__Work order__. Retype, word for word, each line between the lines holding "nutribullet® 7-Cup Food" and "A hand with", inclusive, and leave the rest of the data alone.

[[ Data for this task, beginning ]]

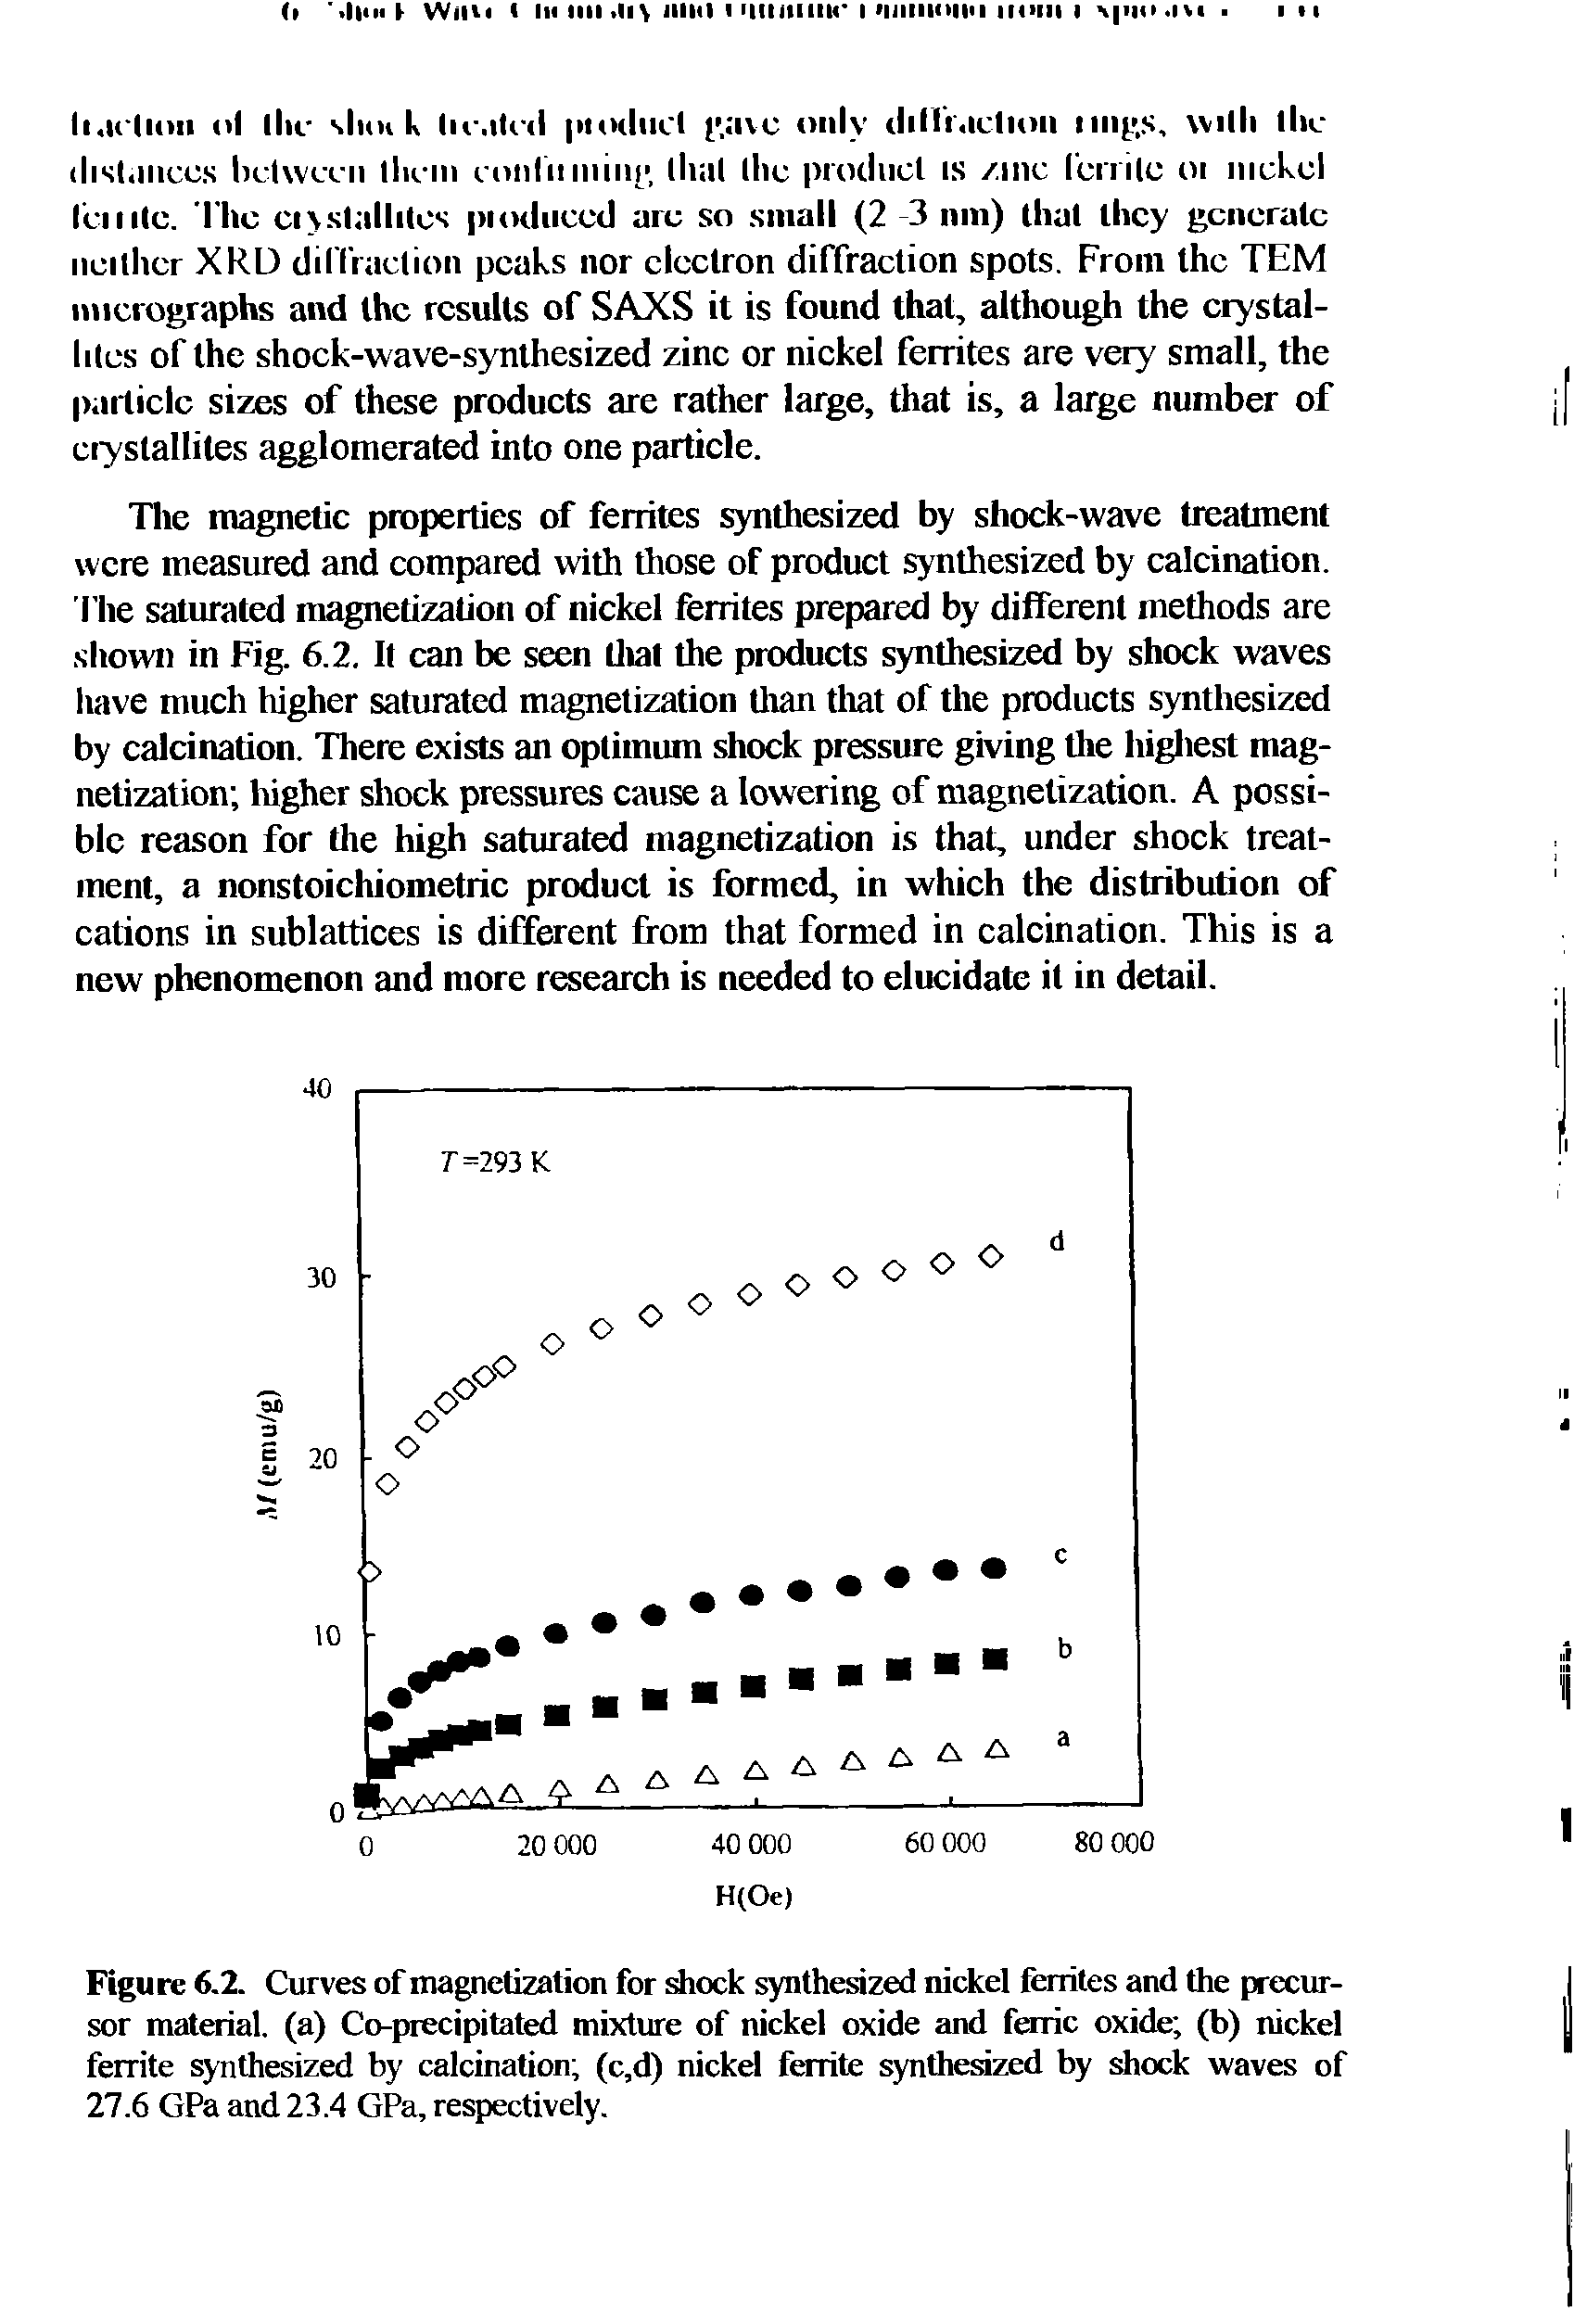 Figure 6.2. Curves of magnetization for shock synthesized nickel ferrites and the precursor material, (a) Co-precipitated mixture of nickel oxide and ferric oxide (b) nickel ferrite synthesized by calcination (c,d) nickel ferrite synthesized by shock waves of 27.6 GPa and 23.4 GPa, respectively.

[[ Data for this task, end ]]
[[ Data for this task, beginning ]]

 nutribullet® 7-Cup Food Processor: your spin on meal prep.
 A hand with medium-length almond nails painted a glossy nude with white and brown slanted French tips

[[ Data for this task, end ]]

__Problem solution__.
 nutribullet® 7-Cup Food Processor: your spin on meal prep.
 A hand with medium-length almond nails painted a glossy nude with white and brown slanted French tips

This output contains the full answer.